Simple finding linear acceleration

[mistermill]

Homework Statement

In our lab, we times a cart going 1m. The time was 9.49 s. The cart was pulled by a string, over a pulley, attached to a free-falling mass. The purpose was to calculate the μ, the coefficient of friction.

Homework Equations

d = vit + 1/2at^{2}

a = (vf-vi)/t

vi = 0 m/s
d = 1.0 m
t = 9.49 s

The Attempt at a Solution

Why does the acceleration come out differently in these two equations?

Is it that the vf is not simply 1m/9.49 seconds?
Is vf = 1/9.49 = 0.11 ?

Because that is the average velocity, and we don't use average velocity because we have a constant acceleration?
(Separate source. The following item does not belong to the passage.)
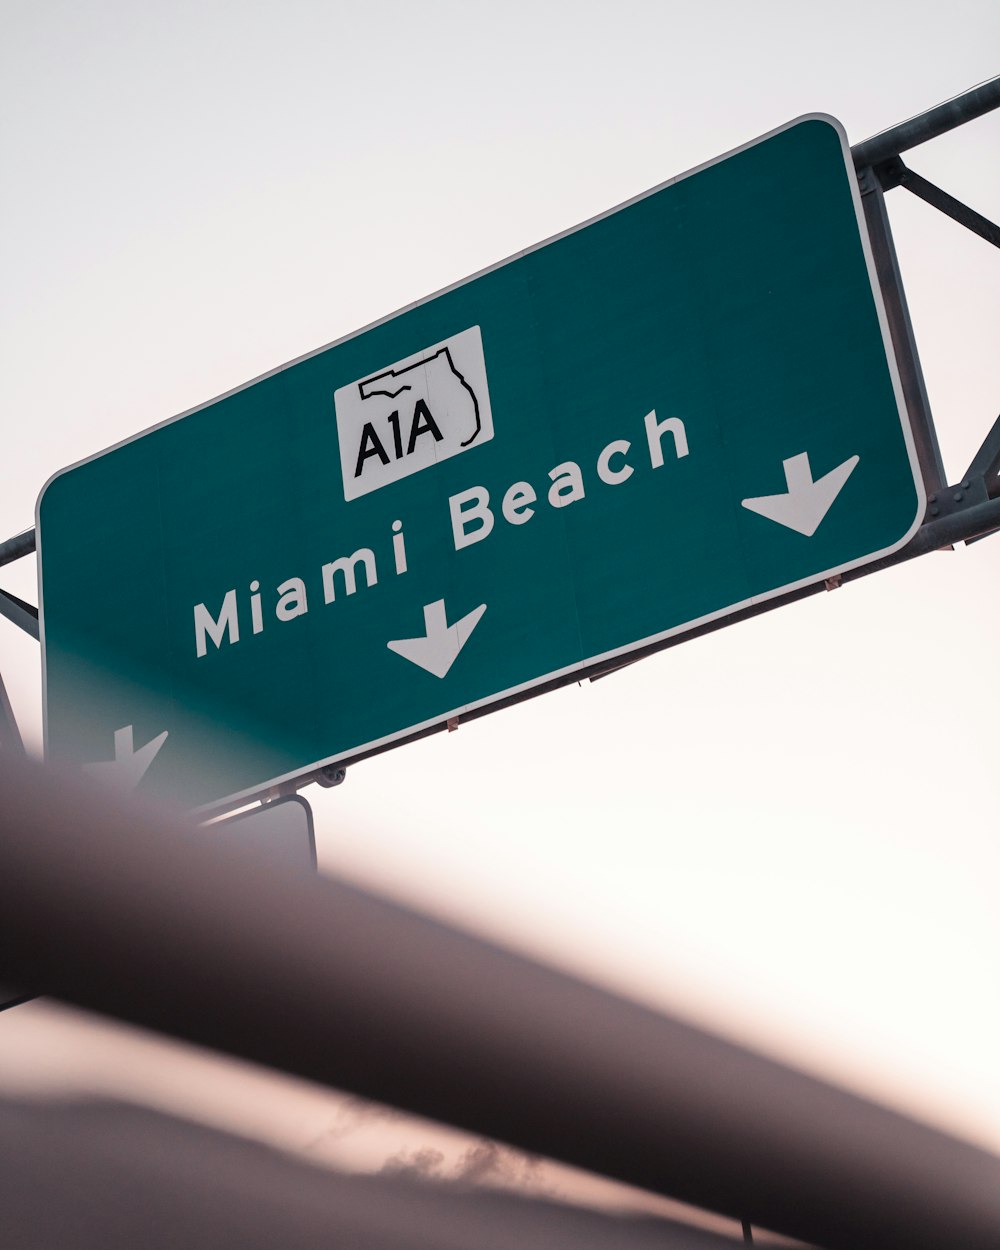 Sinal A1A Miami Beach

In the first equation I get a = 0.02m/s^{2}
and in the second equation I get a = 0.01 m/s^{2}

I think I know why, but I would like someone to say,"yes that is why you must use the first equation."

 

[Nathanael]

V_{f}=9.8t

It's invalid to say V_{f}=\frac{d}{t} because, as you said, that is the average velocity (which is less than the final velocity)
Since initial velocity is zero, the expression \frac{d}{t} will only give you half the final velocity. That is why your two accelerations were different by a factor of 2.